Three drivers of fast growth

The research identifies three factors that have enabled Europe's fast-growth companies to succeed, namely collaboration, innovation, and purpose. Of those surveyed, 58% believe that investing in and utilising technology effectively will be among the top three most important growth factors over the next three years. 76% say that they are a purpose-led business.

Surprisingly, only 7% of the companies surveyed believe that having an inspirational leader has been key. This result may not appeal to the likes of Tesla's Elon Musk, Alibaba's Jack Ma and Amazon's Jeff Bezos, amongst other well-known 'inspirational' leaders.


The research, produced by Pinsent Masons and conducted by MergerMarket, drew its sample of 400 companies from the fastest-growing Western European-based companies evenly split across the following sectors: Advanced Manufacturing & Technology, Financial Services, Energy and Infrastructure. There were 177 private equity owned companies, 133 privately owned, and 90 listed companies.

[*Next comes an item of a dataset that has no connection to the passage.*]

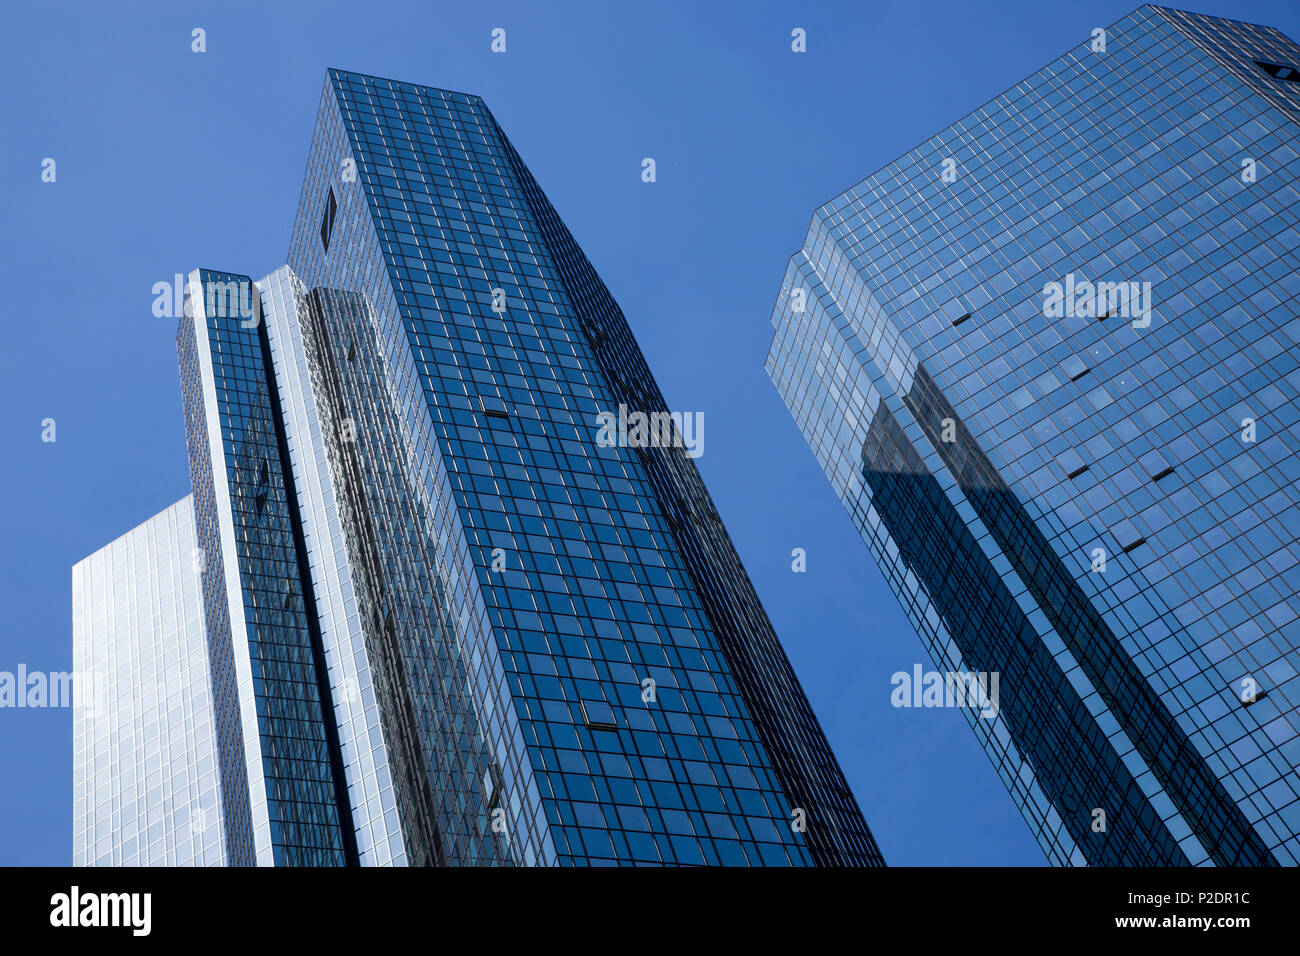 Deutsche Bank skyscraper towers in financial district, Frankfurt am Main, Hessen, Germany, Europe Stock Photo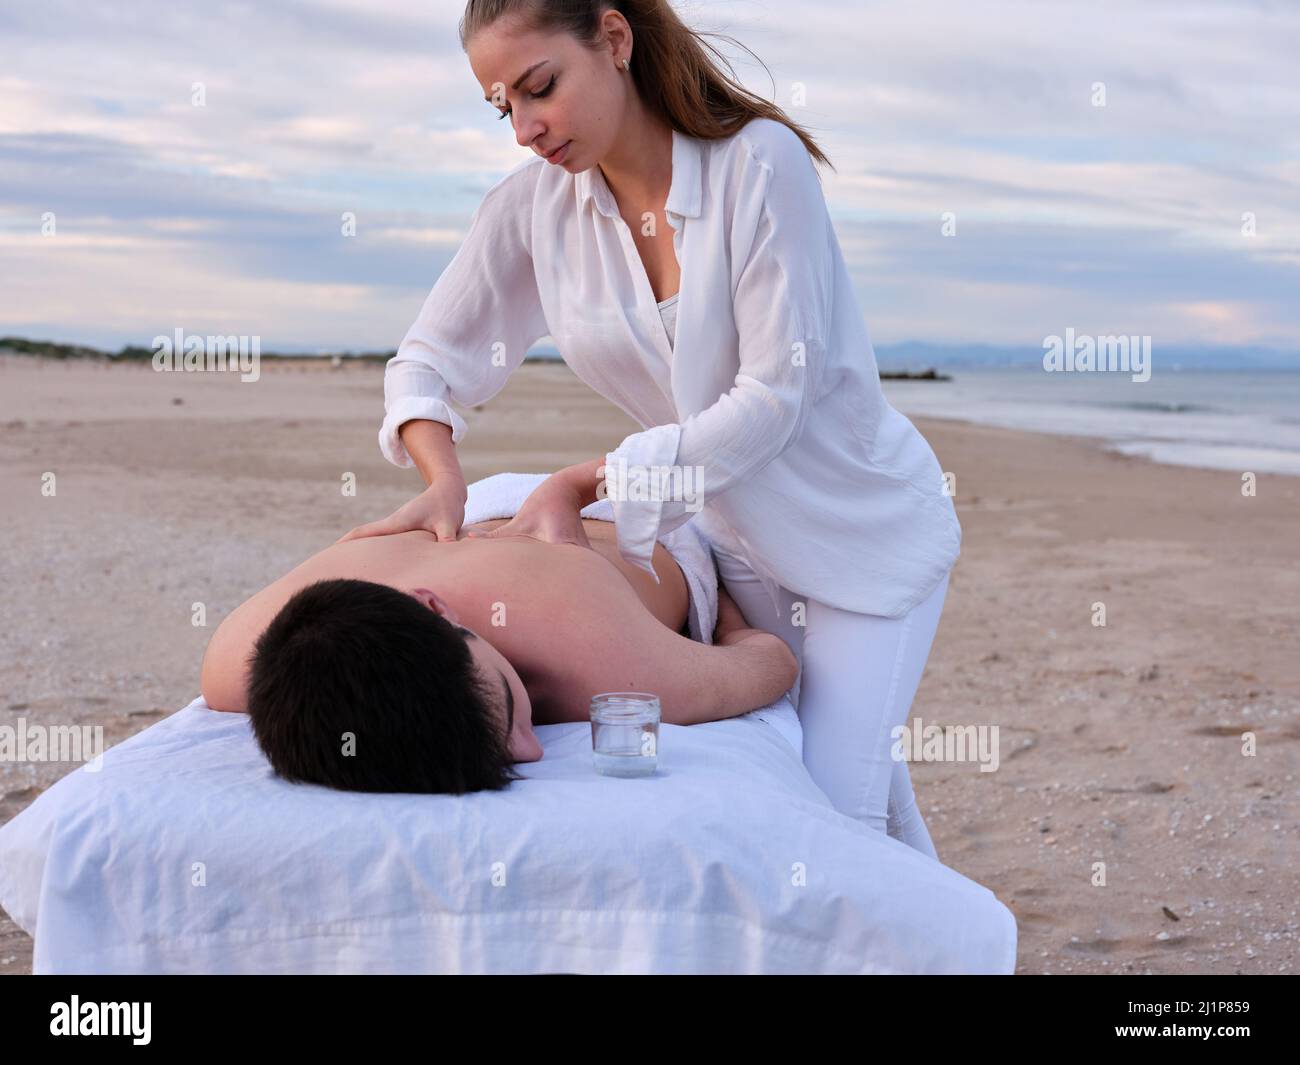 Eine junge Chiromassage-Therapeutin, die einem jungen Mann auf einem Massageliege am Strand von Valencia eine Massage auf den Rücken gibt. Stockfoto

Identified as "Pacesetters", the companies' growth rates were calculated based on turnover reported in accounts for the past three years. To be eligible for inclusion the companies had to have shown growth in each of the previous two years. There was a minimum turnover threshold for inclusion based on the most recent set of accounts.

John Tyerman, Head of Corporate UK, Pinsent Masons commented:

"Europe’s fastest-growing companies drive job creation, generate additional tax revenue and provide new opportunities for a broad range of stakeholders. Despite playing this vital role, we know comparatively little about the make-up of our fastest-growing businesses – specifically, the skills and qualities that enable them to leave the pack behind.

"Our research identifies three characteristics that are shared by many of the businesses posting the highest growth rates in Europe: collaboration and alliances with other companies, innovation, and a sense of purpose. Other businesses plotting a growth strategy for the years ahead would benefit from understanding what has enabled these 'pacesetters' to succeed."